Créer une coopérative de producteur·trice·s représentait un moyen de préserver l’intégrité de Vision. «Ce sont cinq directrices qui ont initié ça, raconte Véronique Savard. L’une d’elle connaissait ce modèle, qui lui paraissait parfait pour préserver et poursuivre la mission de Vision.» Le franchiseur, lui, était parfaitement à l’aise avec cette idée et a même été à la direction générale un certain temps.

Les écoles Vision, qui sont-elles?

Les établissements Vision sont des garderies et des écoles primaires privées et non subventionnées trilingues. Les enfants qui les fréquentent naviguent entre le français, l’anglais et l’espagnol pour leurs différents apprentissages, conformes au  programme du Ministère.

Ici, on est persuadé que l’immersion comporte une multitude de bénéfices, tels que de meilleures habiletés en lecture, un développement intellectuel bonifié ou encore une meilleure aptitude à résoudre des problèmes. Et si on se fie à la croissance de ces établissements et à leur popularité, on ne peut que constater les avantages. Outre le fait qu’ils soient trilingues, les garderies et écoles primaires valorisent une approche personnalisée et un mode de vie actif.

L’importance de bien se faire accompagner

Pour encore mieux comprendre le modèle de coopérative et pour amorcer les premières étapes de démarrage, les instigatrices se sont tournées vers la Coopérative de développement régionale du Québec (CDRQ), qui venait tout juste de fusionner ses différentes coopératives de développement régional.

La CDRQ a aidé le groupe à bien comprendre la structure de la coopérative de producteur·trice·s et lui a donné quelques conseils pour bien démarrer. Par exemple, sur la question des règles de gouvernance ainsi que sur des questions légales. «Le conseiller qui a accompagné Vision à ce moment a référé une avocate qui travaille encore avec nous sur certains dossiers», précise Véronique Savard.

«L’accompagnement de la CDRQ était rassurant. Ils maîtrisaient cette structure, la coop de producteur·trice·s et on se sentait en confiance.»

Véronique Savard

Véronique Savard - Directrice générale de la coopérative de producteur.trice.s - École Vision

Ce sont les directions de chaque établissement qui ont été appelées à faire partie de la coopérative. «Toutes n’ont pas adhéré sur le coup, mais elles se sont jointes plus tard», souligne Véronique Savard. Cela dit, les établissements franchisés n’ont pas l’obligation de devenir membres de la coopérative, à part s’ils souhaitent siéger sur le conseil d’administration.

L’objectif d’une coopérative de producteur·trice·s est de créer une structure commune, notamment pour l’achat de matériel, un argument qui comptait parmi ceux utilisés pour convaincre les directions, soit:

  • Réaliser une économie financière versus le franchiseur
  • Avoir le pouvoir de leur destinée
  • Profiter d’un esprit d’entraide
  • Être partie prenante des décisions

«Et alors qu’avec le franchiseur, les grosses écoles avaient plus de poids décisionnel que les petites, avec la coopérative c’était un membre, un vote», explique Véronique Savard.

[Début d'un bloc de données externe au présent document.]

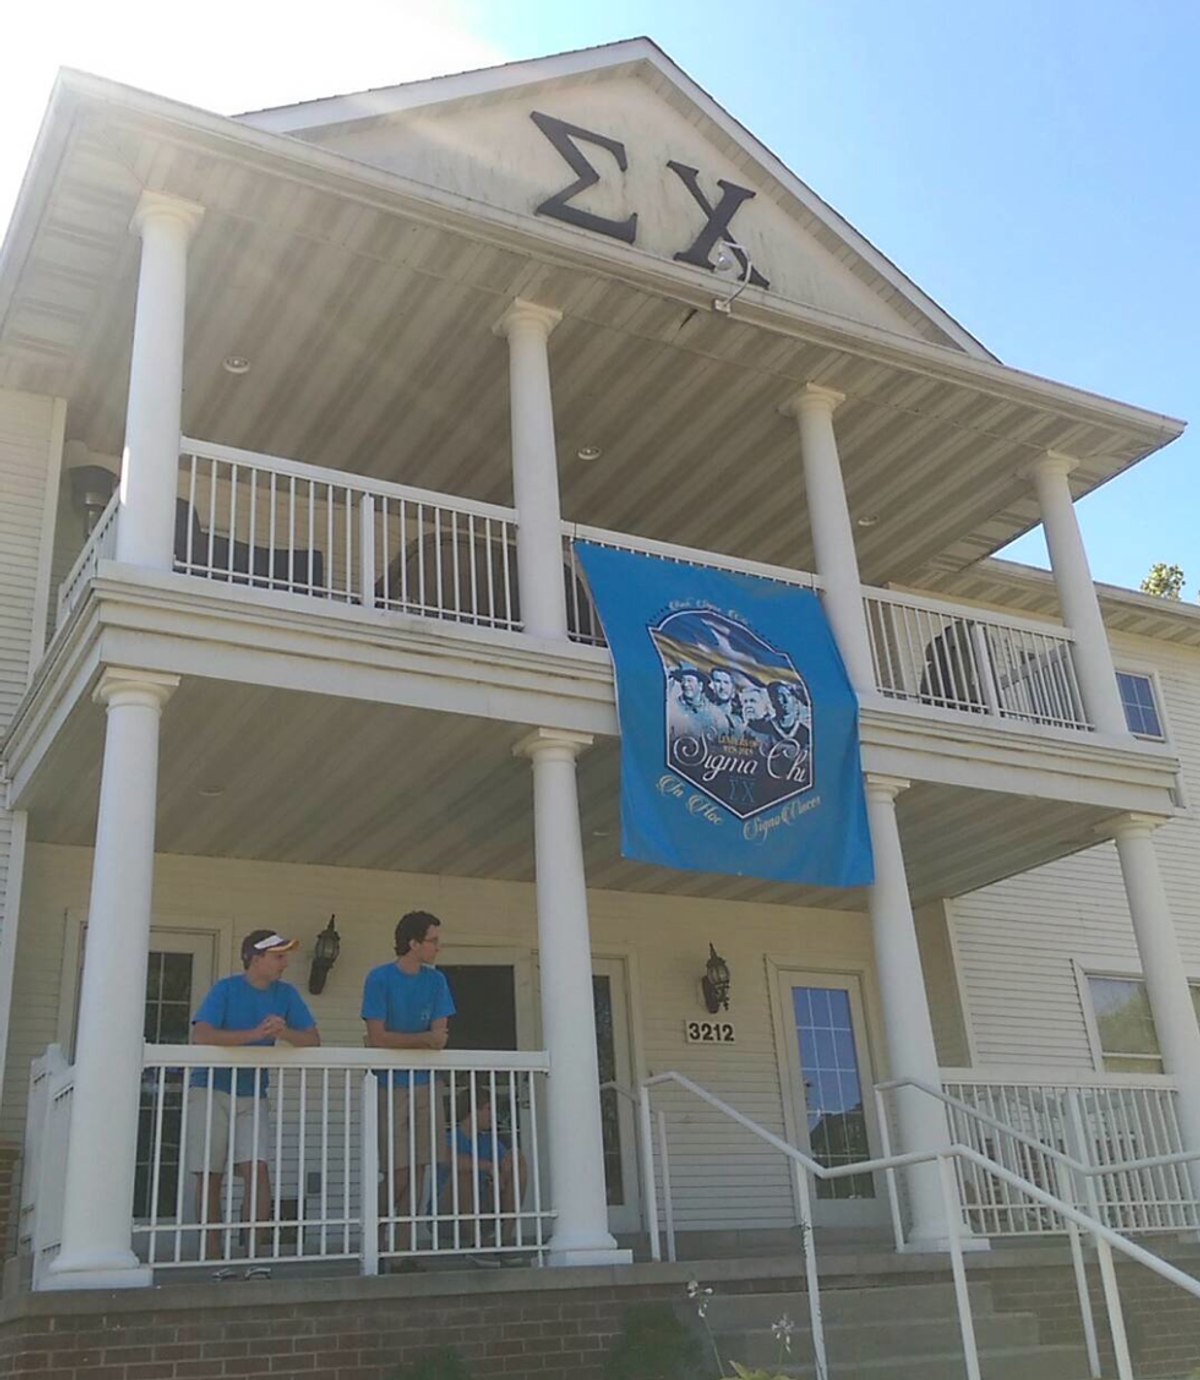 11 Things You Should Know Before Dating A Frat Guy

Tous ces «arguments» représentent en fait les assises de la longévité des établissements Vision et les raisons pour lesquelles il en existe de plus en plus.

3 questions en rafale à Véronique Savard

La coopérative, une structure qui nous ressemble

«Ça fait 10 ans que la coopérative a été constituée et honnêtement, on ne voit pas de bémols à ce modèle, affirme Véronique Savard. Les processus ne sont pas plus longs, les membres peuvent se challenger et on travaille tous vers un but commun.»

La coopérative correspond parfaitement à la nouvelle vision endossée par Vision, soit d’être maître de leur destinée.

Nous sommes un regroupement de femmes entrepreneures en éducation. Unies par nos valeurs communes et nourries par nos différences, nous trouvons notre élan dans la coopération.